My partner desires to have pain during sex through Bites Hair pulling Spanking Sucking tongue badly Use of massage candle Tied up hands or feet Is it a normal sexual behaviour?
People have weird fetishes. I've had similar experiences with my ex gf. She was raped in the past so this could be a reason for her to having this kind of cravings.
If she goes to a cop, tells the cop that you raped her, and shows bite marks that you gave her; then I pray you don't get instantly thrown in prison. You seem to be describing sadism or masochism. Both are things that I would avoid. Bites and other injuries can cause bleeding or more chances of infection. Sex is already pathologically dangeorous enough. No reason to make it more contaminating. I personally would not pursue sadomasochism because of false rape accusations. A woman wishing to be injured during sex only sounds like a fun way to spend years in jail and pay thousands of dollars in restitution. Maybe if she were my wife, I would be less skeptical. But again, there's the increased risk of infection. Also, feelings can mask or underestimate injuries. I've read of people who have had anal sex and then continually suffer from inflammation or pain in or around their anus days afterwards. I've read of someone who recieved anal sex almost daily and (years after) still annually suffers from chronic pain from it. During passion, our perception of pain and serious injuries may be impaired, so such sex is really not safe. Internal injuries can also occur during sadomasochistic sex. These injuries can be harder to detect and lead to serious complications or internal infections. Internal injuries are usually more difficult to treat than external injuries.

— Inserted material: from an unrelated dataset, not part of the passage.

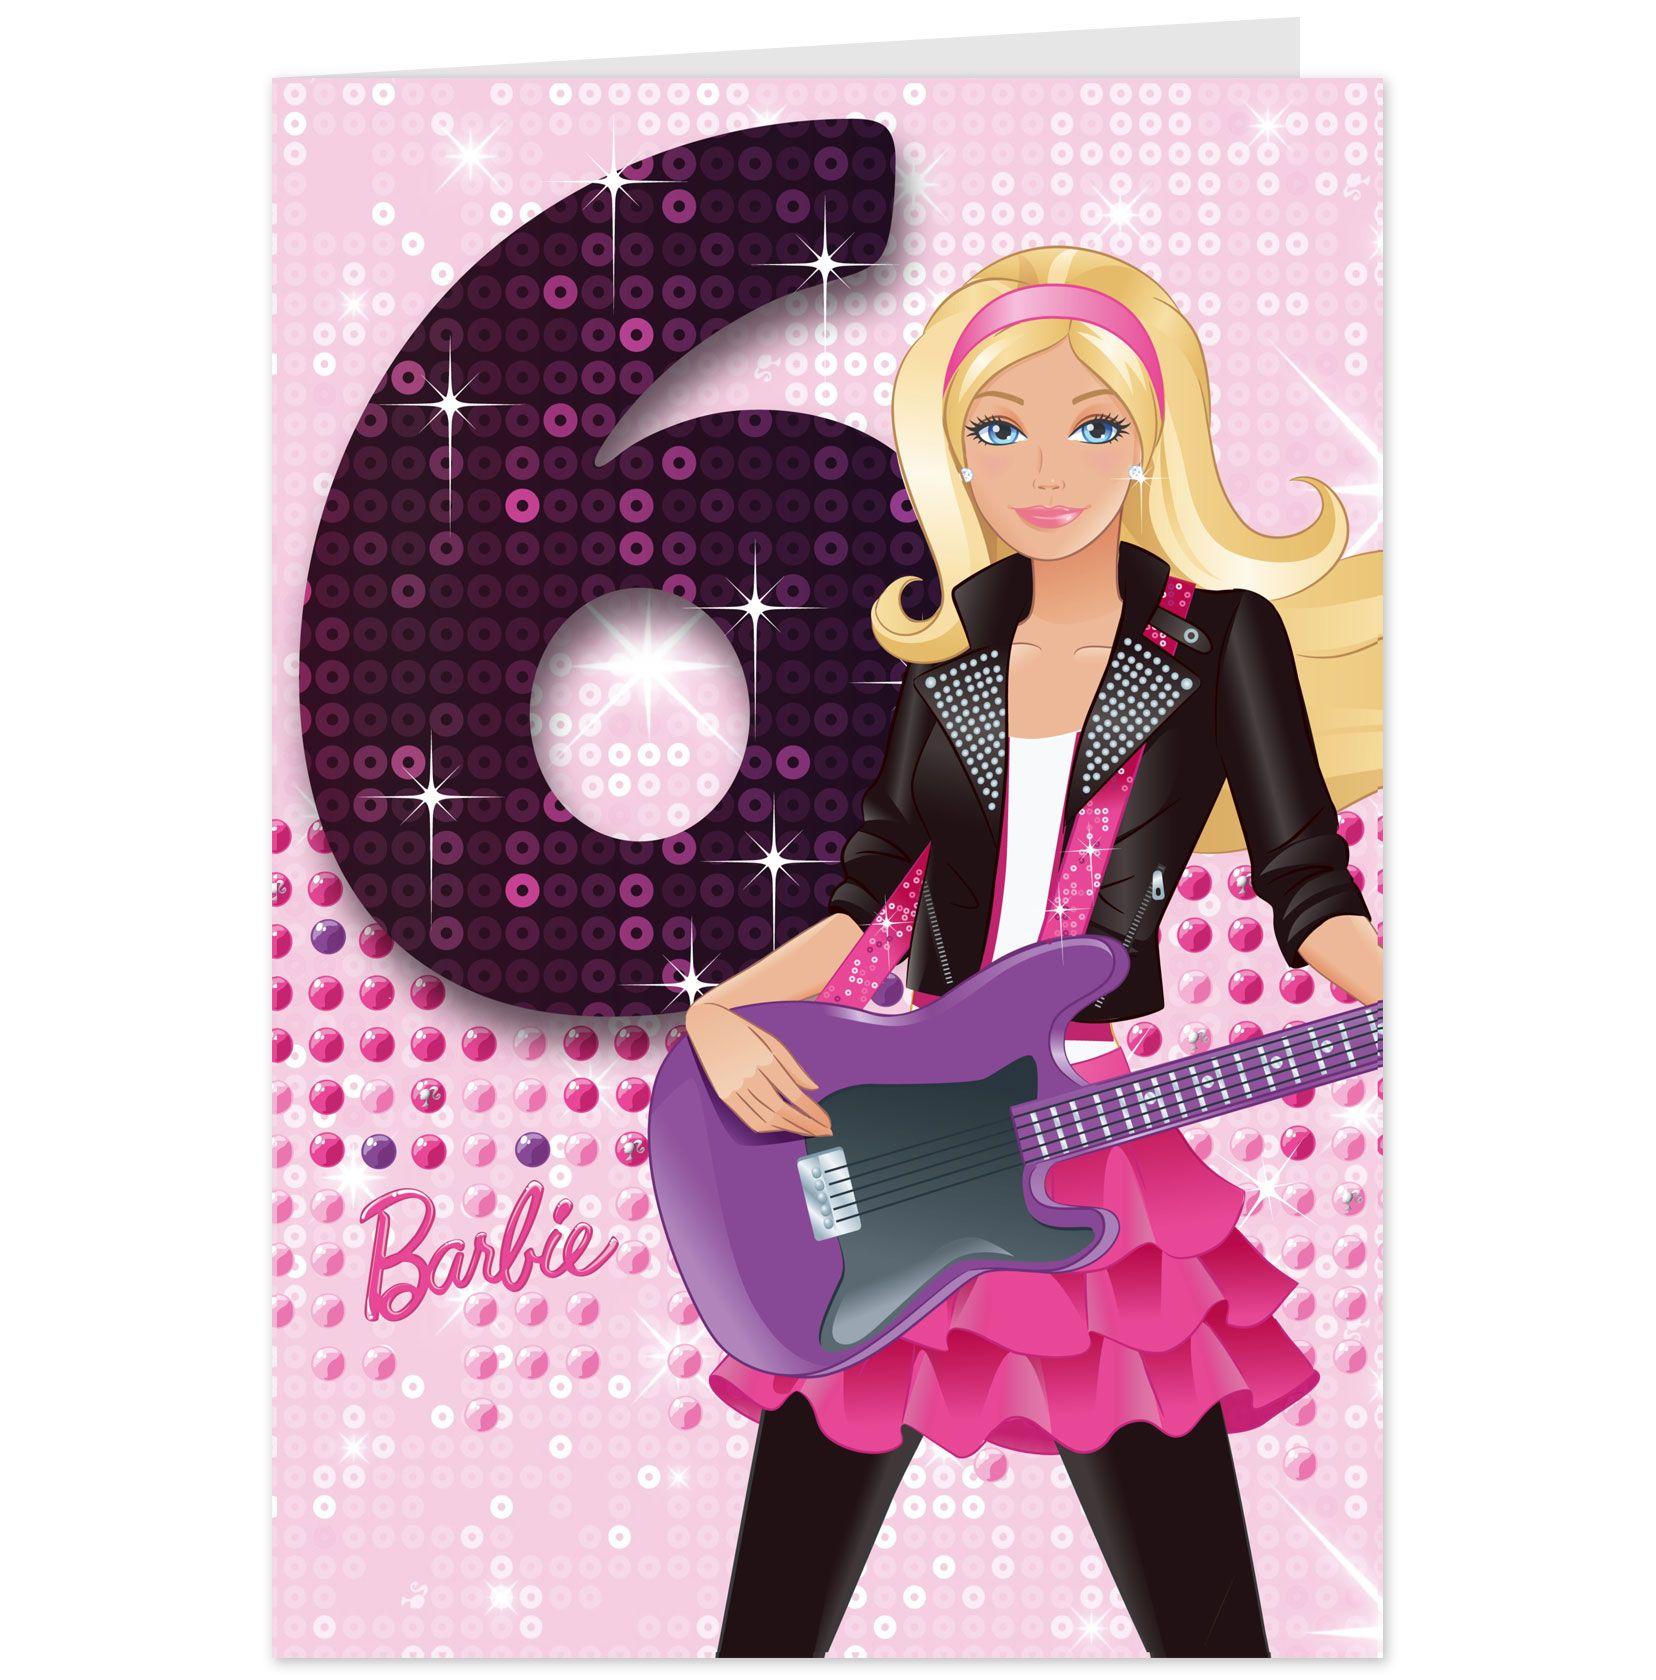 Barbie 6th birthday card personalised hallmark aus parties barbie 6th birthday card personalised hallmark aus bookmarktalkfo Images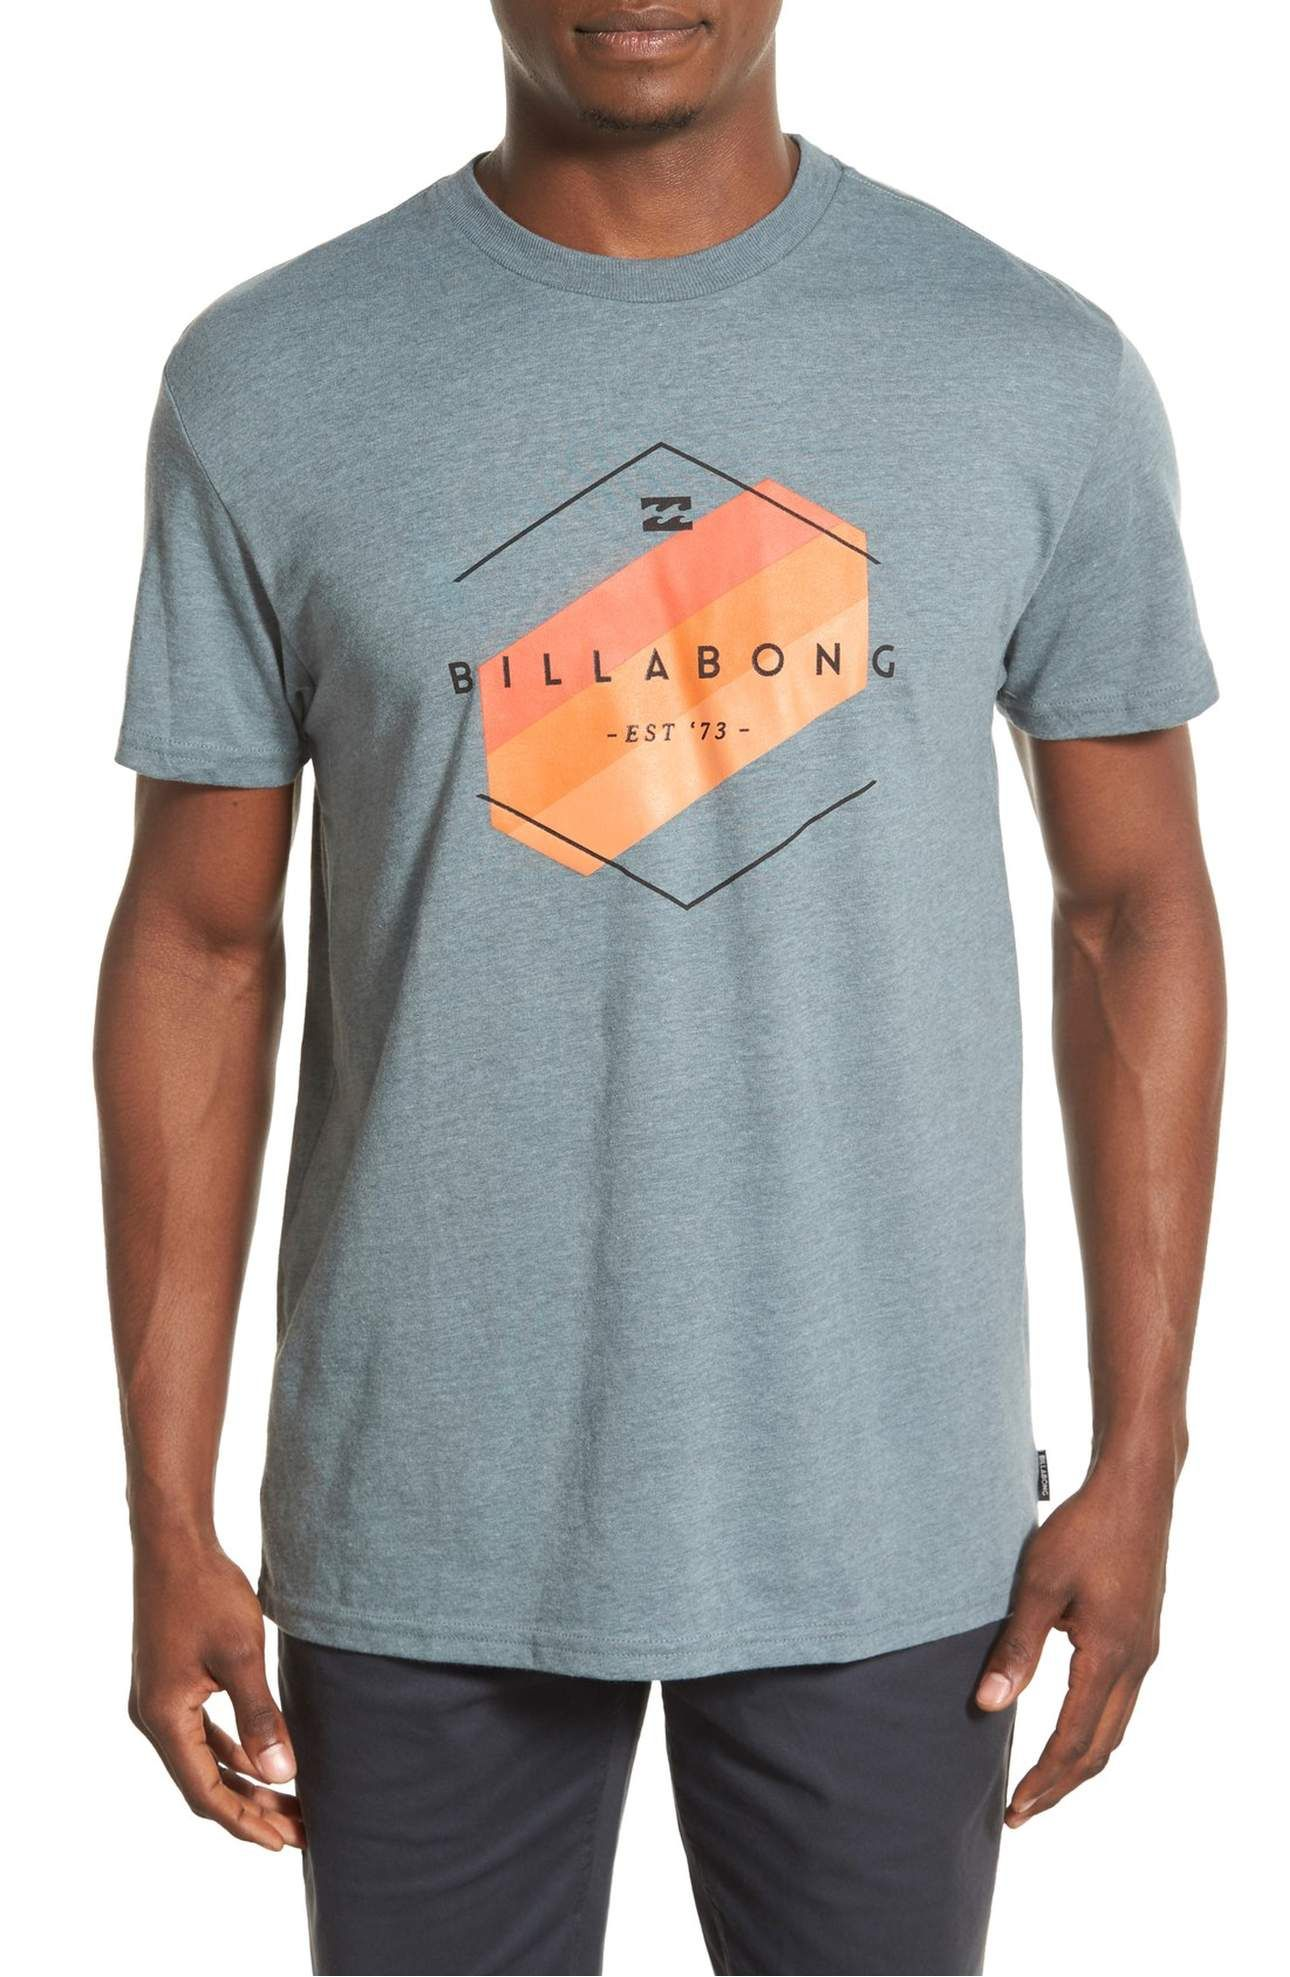 Algebra powder Delegation  Product Image 1 | Shirt designs, New t shirt design, Shirt logo design

He says it's with his partner so it's probably a long-established relationship. Think she is hardly likely to go to the police if she's happy. I think you can apply this line of thought to other things such as workouts and physical exercise. Sometimes I have intense workouts and other times I don't. It depends on how I'm feeling at the time.
Thanks for sharing your thoughts. As I see it, sex is an extension of love. It is soft and filled with emotions. My partner requires pain during sex, which is totally different from how I see it. In my opinion, having sex with pain is to seek pleasure through it. Emotional connection through such a sex may be difficult. Do you see sex with pain as a problematic behaviour which I should highlight her ?
I am bit confused because of her pain seeking desires. Should I try and give it to her ; the pain, bites, hair pulling, anal fingering, anal sex .... OR tell her to restrict those desires. She likes to be explore lot of things to seek pain and enjoy.
My girlfriends enjoys some of the things you described as well. Spanking, tied up hands and some other activities which fit into the 'light' SM spectrum are fine with me. I will not participate in actions I don't feel comfortable with and neither should you. I suggest you have a talk with your partner and make her know where you draw the line.
It seems to be pretty common with women, there is a reason 50 shades of grey was so popular. Don't do anything you're not comfortable with.